═════ Extracted data

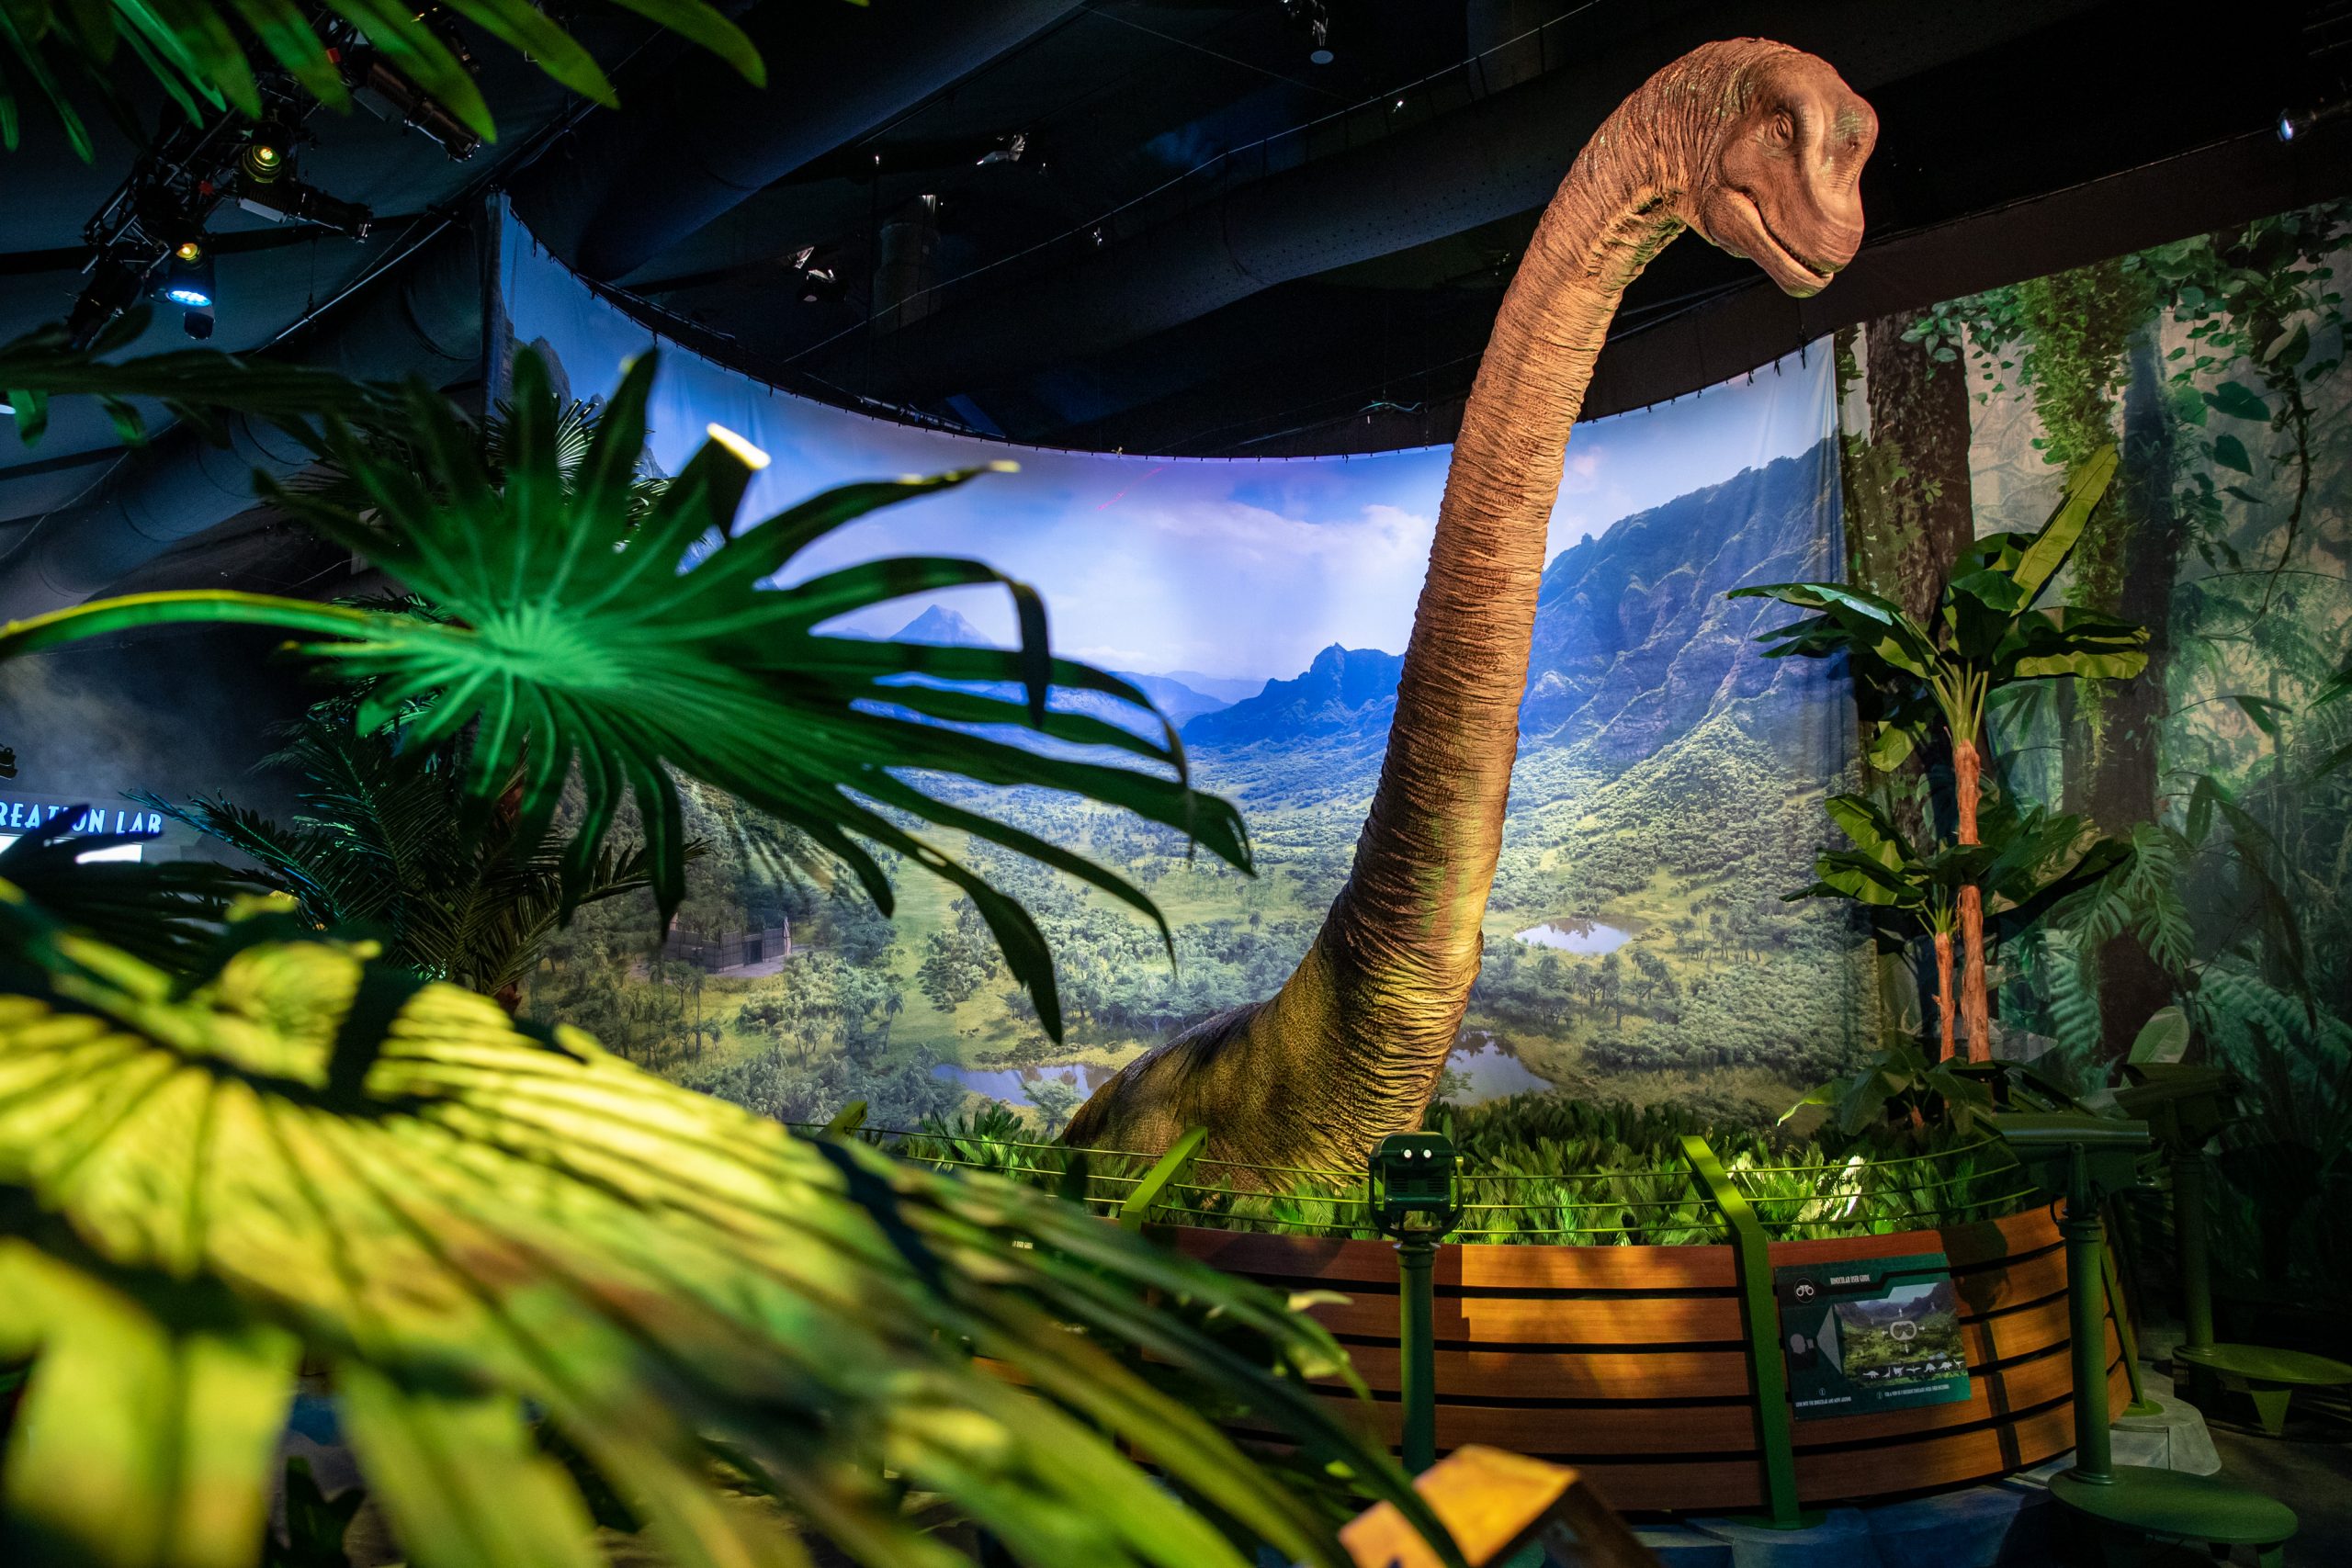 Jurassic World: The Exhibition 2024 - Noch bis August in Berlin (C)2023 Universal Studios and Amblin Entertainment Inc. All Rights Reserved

══════════
═════ Extracted data

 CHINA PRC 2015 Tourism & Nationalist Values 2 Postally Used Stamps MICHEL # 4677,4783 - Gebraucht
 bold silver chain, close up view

══════════

Task details = Print, from the entries above, the line with "CHINA PRC 2015", the line with "bold silver chain, close up view" and all lines between them, exactly and with nothing else.

Problem solution =
 CHINA PRC 2015 Tourism & Nationalist Values 2 Postally Used Stamps MICHEL # 4677,4783 - Gebraucht
 bold silver chain, close up view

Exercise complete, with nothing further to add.